Pleural Effusion as an Atypical Presentation of Kawasaki Disease

A Case Report and Review of the Literature

Elif Arslanoglu Aydin; Selcan Demir; Orkun Aydin; Yelda Bilginer; Seza Ozen

Disclosures

J Med Case Reports. 2019;13(344) 

In This Article

Discussion and Conclusion

The most important complication of KD is CAI, which leads to enlargement, aneurysm, ischemic heart disease, and sudden death.[1] The clinical course of KD is highly variable. There are no pathognomonic clinical or laboratory findings to help diagnose KD. The diagnosis of KD in this case was made using the criteria of the American Heart Association.[1] In the presence of at least 5 days of fever, if there are at least four of the five principal criteria (cervical adenopathy, bilateral non-purulent conjunctivitis, oropharyngeal mucosal changes, polymorphous rash, erythema of the palms or soles, and edema of the hands or feet) the patient is diagnosed as having KD.[1]

KD may present with uncommon symptoms such as pneumonia, pleural effusion, diarrhea, vomiting, sterile pyuria, gallbladder hydrops, acute cholestatic hepatitis, arthritis, and aseptic meningitis.[2–7] Pulmonary system involvement of KD is very rare; KD can present as pneumonia, pulmonary nodules, bronchopneumonia, hydropneumothorax, and pleural effusion.[6,8,9] Singh et al. showed that 1.3% of patients had pulmonary involvement and pleural effusion was seen in 54.5% of these patients.[6] Ugi et al. reported the case of an adult patient who presented with pulmonary involvement, specifically bilateral massive pleural effusions.[10] Occasionally, pleural effusion may be associated with bacterial agents such as Mycoplasma pneumoniae and Streptococcus.[11,12] Pulmonary symptoms are mostly initially treated with antibiotics. However, if fever and accompanying signs ensue, the diagnosis of KD should be considered. Patients with pulmonary involvement may be more likely to have CAI due to delays in diagnosing KD and administration of IVIG.[12–17]

We performed a review of the literature using PubMed and the search terms: Kawasaki disease AND pulmonary involvement; OR Kawasaki disease AND pulmonary presentation; OR Kawasaki disease AND pleural effusion. The searches were limited to the English language and pediatric patients. Case series and single case reports involving pediatric patients with KD with pulmonary involvement were included. Inconsistencies were resolved through discussion with the author SO, who also reviewed the literature. The authors EAA and OA searched the literature and manually screened titles and abstracts for relevance. Inconsistencies were resolved through discussion with the author SO.

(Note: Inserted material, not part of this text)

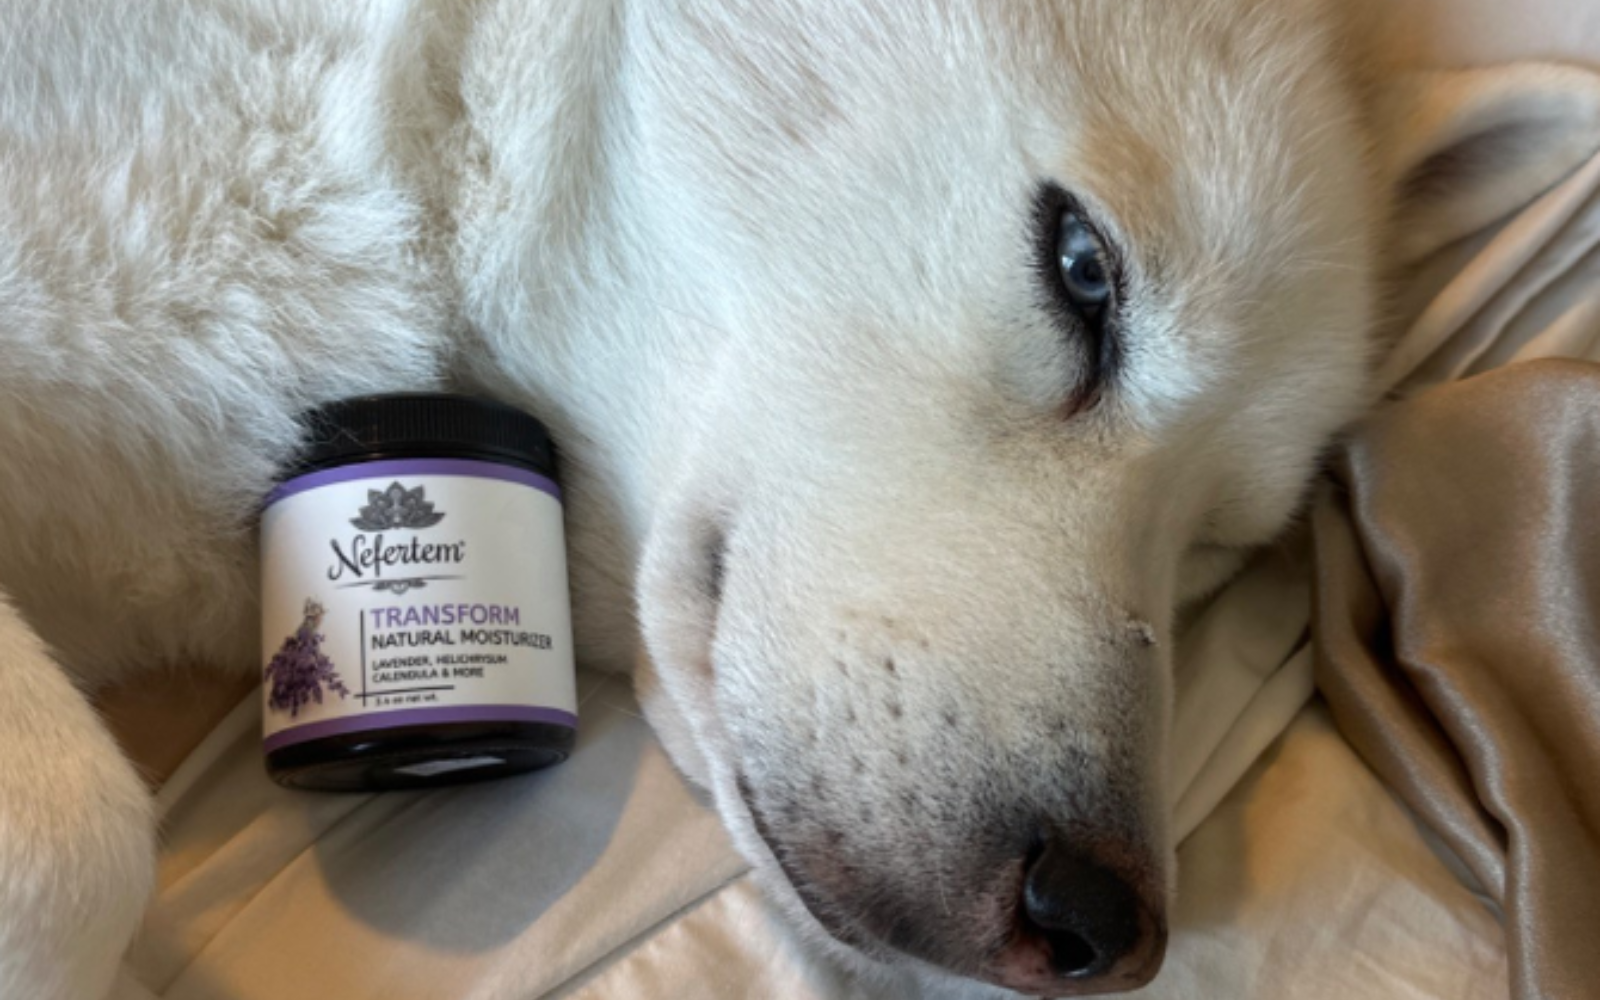 dog with jar of tallow skincare moisturizer

Figure 2 lists the schematic analyses of the systematic literature review. At first, 25 related articles were found, but nine articles were excluded because of duplication, non-English language, and adult age, which left 16 articles.[6,8,11–24] The characteristics of these patients are summarized in Table 1, Table 2 and Table 3. Finally, 20 patients with pleural effusions due to KD were identified.[6,11–18,20,24] Of the 20 reviewed patients, TTE results were available in nine patients and seven had CAI.[6,12–17,24] Eleven patients presented with respiratory symptoms such as cough, dyspnea, and tachypnea.[6,12–15,20] Only four patients[14,17,18,24] had complete KD, 10 patients[6,13,15,16,20] had incomplete KD, and six patients'[11,12] presentations were not available. Although a definite infectious agent could be shown for two patients,[18,24] all of the patients received antibiotics except one.[14] Two patients[6,17] received a second dose of IVIG, and five patients received a second dose of IVIG and corticosteroid treatment for KD.[13–16,18]

Figure 2.

Study flowchart

In this case, our patient initially had an exudative, noninfectious pleural effusion and no response to antibiotics. CAI was also noticed and IVIG was administered on the 15th day of fever. After IVIG treatment, our patient's clinical and laboratory findings improved dramatically, and the fever and acute-phase reactants returned to normal. It remains unclear as to whether the KD was triggered by the infection of the pleural space or if the pulmonary finding was a feature of the inflammation of KD.

KD can affect various systems as well as the coronary arteries, and may present with an unusual clinical picture. The diagnosis of KD with atypical presentations may be difficult for pediatricians. Early diagnosis and treatment can prevent complications.